Virtualization and Cloud executives share their predictions for 2016.  Read them in this 8th Annual VMblog.com series exclusive.

Contributed by Jason Andersen, vice president, business line management, Stratus Technologies

Predicting Availability in a Software-Defined World

As we wrap up 2015 and look ahead to 2016, I wanted to dig into one of the topics from last year's top 10 IT tech trends to watch issued by Gartner:  The rapid change taking place in Software-defined Applications and Infrastructure.

I've seen a lot of progress from companies trying to create new software-based infrastructure. However, I've also seen many of them struggle to determine how to rethink availability in our new software-based world as old hardware-based approaches for system availability and reliability don't always provide the same value they once did. Below are five predictions I see shaping application and infrastructure availability in the year to come:

Prediction #1: Although security breaches are still a big threat to IT, availability is and will continue to be the biggest concern.

The gap between security and availability is decreasing. However, as the impact of computing extends outside of the corporate environment to impact the consumer and society at-large, both are important. It's one thing when you can't withdraw $20 from your ATM; it's quite another when your driverless car does not know where to go or when to stop. People always have seen availability as a simple cost of downtime. So for example, if my system goes down, my factory is less productive and there is a cost to that. But, as more and more applications must be Always On, the impact of availability becomes proactive vs reactive. If I don't need to expend as much effort to build reliability into my applications or infrastructure, I can deliver new innovation to market more quickly.
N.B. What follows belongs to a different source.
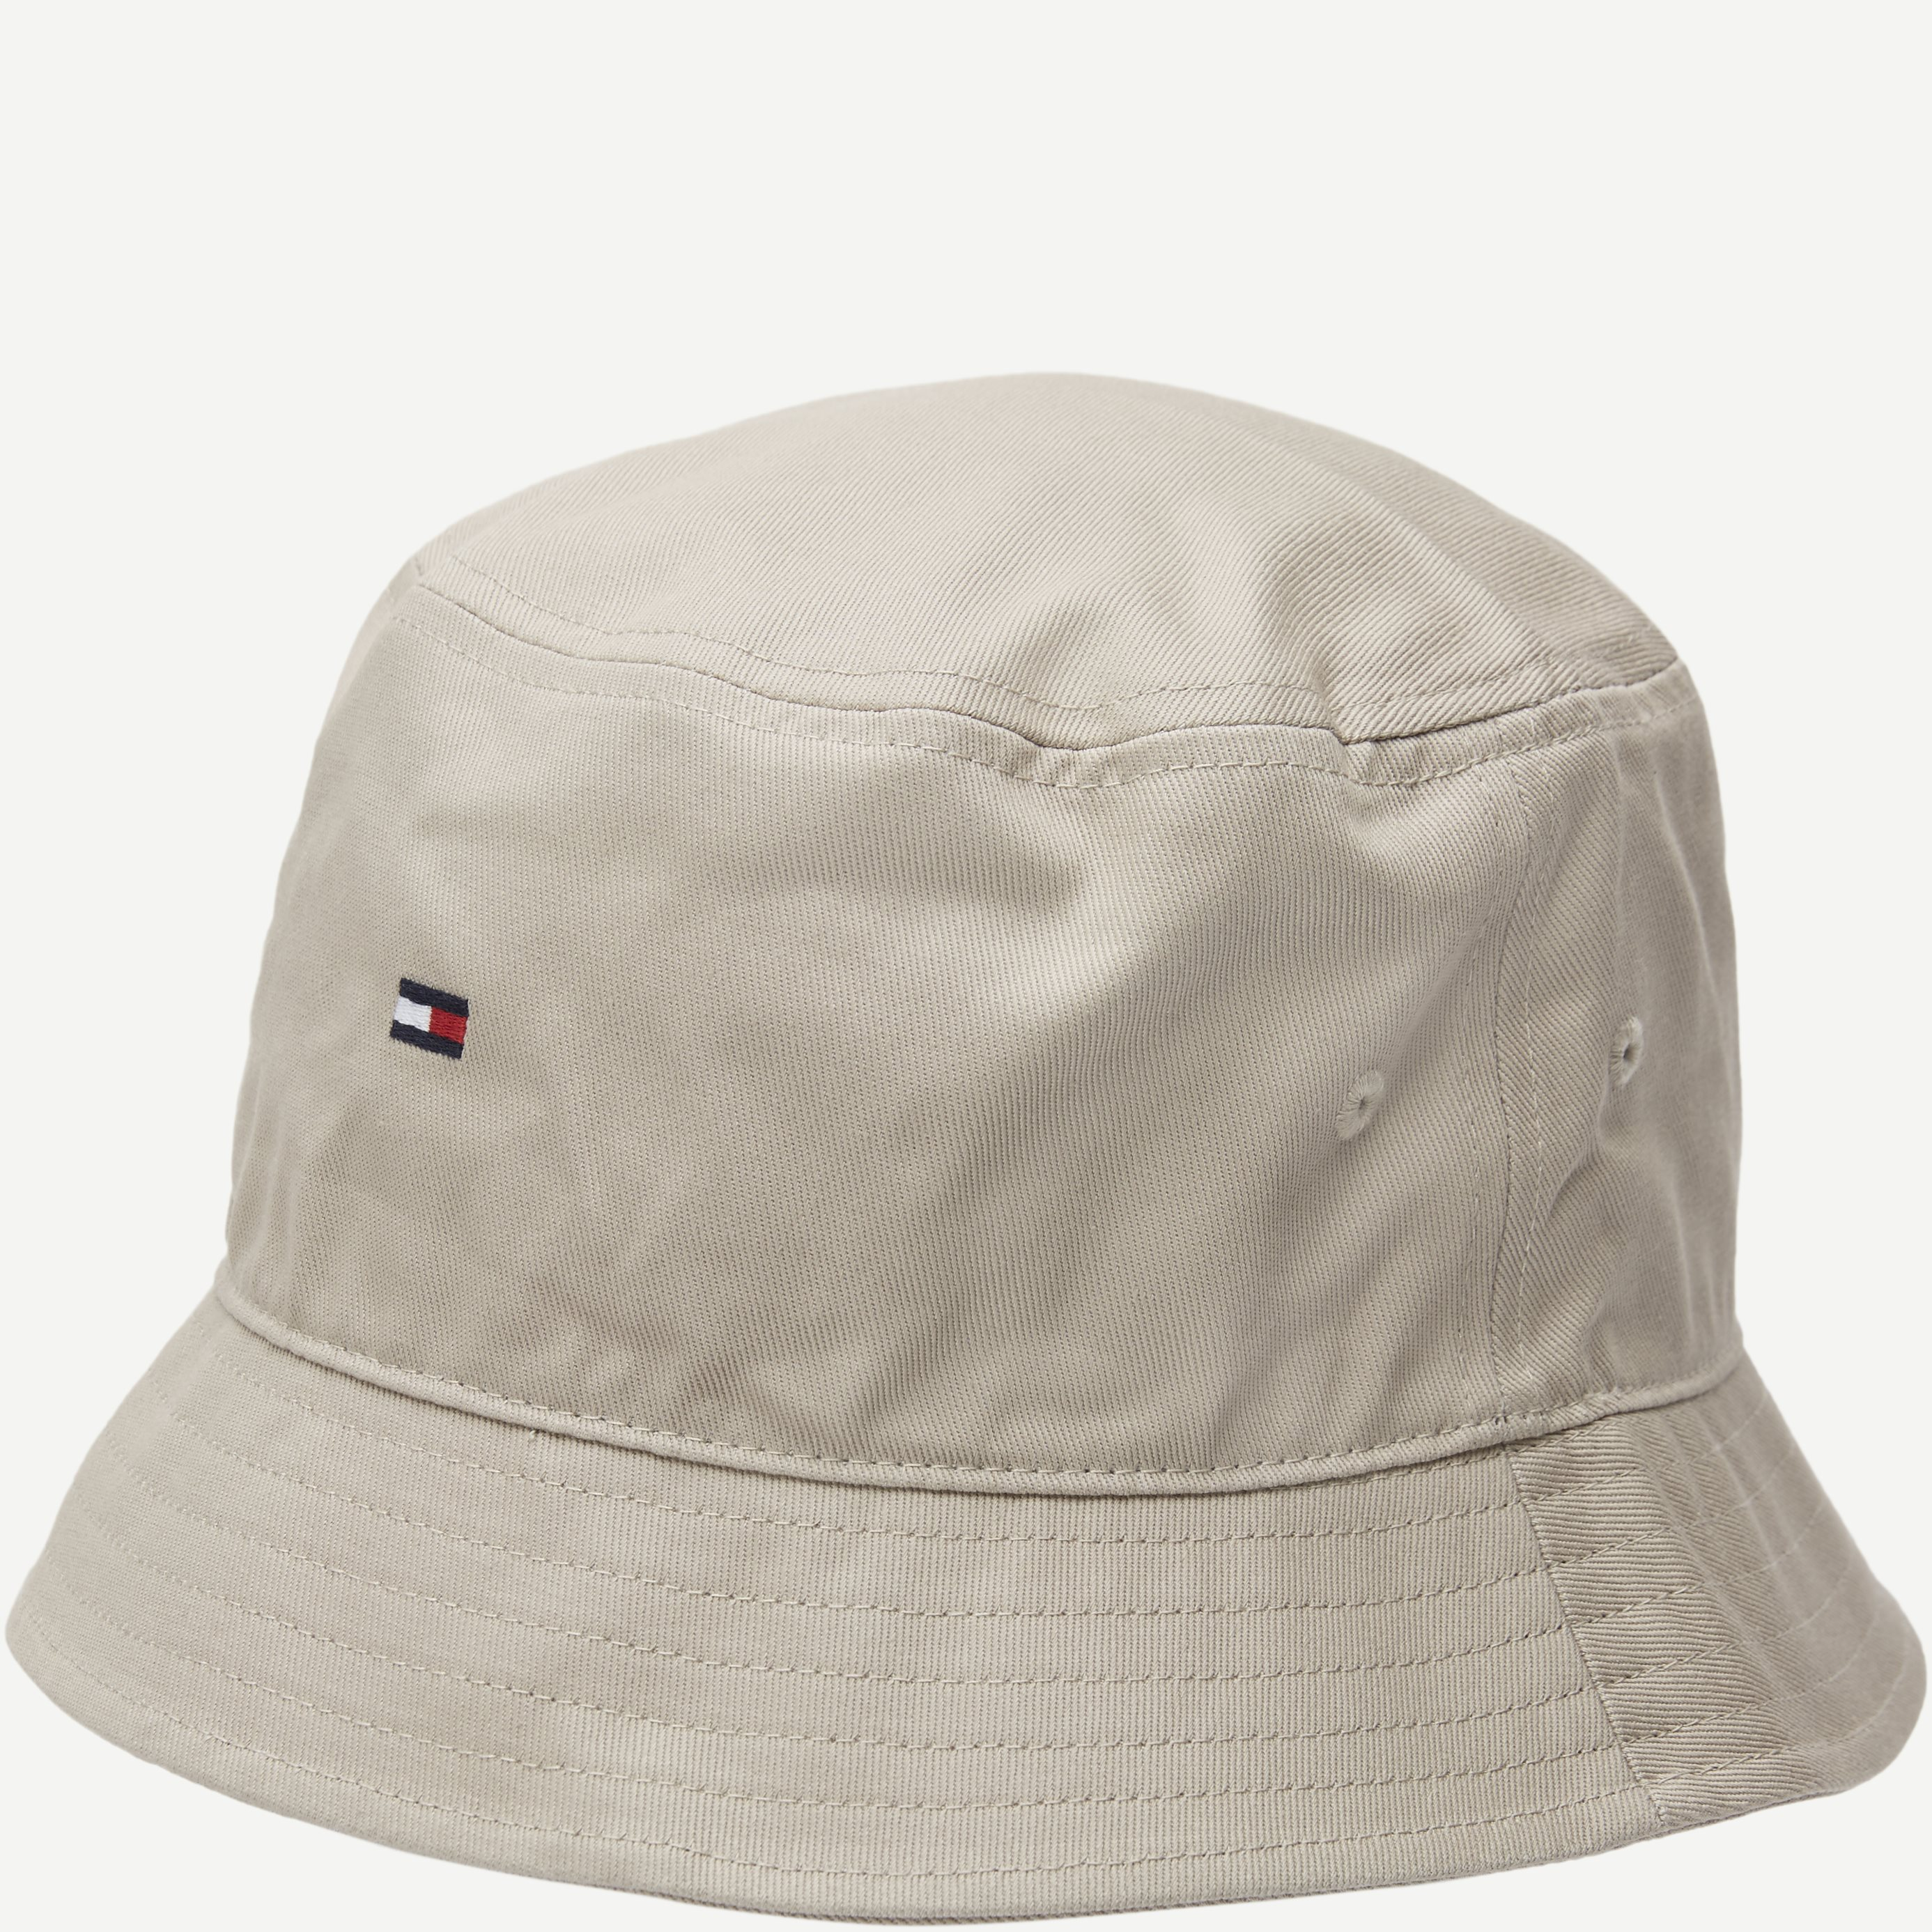 Flag Bucket Hat - Hatte - Sand

Or I can create things that I never thought possible before because reliability was preventing me from delivering that innovation. We really are beginning to see reliability as a way to help our partners and customers innovate and create new possibilities for themselves versus just being insurance. 

Prediction #2: Big changes are coming for availability at the edge of the network.

At the Edge, the change for availability is less technical but just as profound as it is in the data center. Why? The notion of low-touch at the Edge is giving way to no-touch. For example, you may have a couple people working at a hydroelectric production facility who can reboot a server or who can do some basic admin. But, at a wind farm there are no people day to day. Everything has to be no-touch. That is a big, big change. I predict that many of the automation technologies emerging in the cloud will have some role to play at the Edge because of this. 

Prediction #3: As newer ideas for innovation grow, the need for availability will evolve.

People are really starting to get the need for availability now. They are feeling the pain when they try to deploy newer technologies such as SDN and NFV, or they try and retrofit existing technologies into the Edge. It's just apples and oranges. People are demanding new ideas and the software-defined approach is an example of this.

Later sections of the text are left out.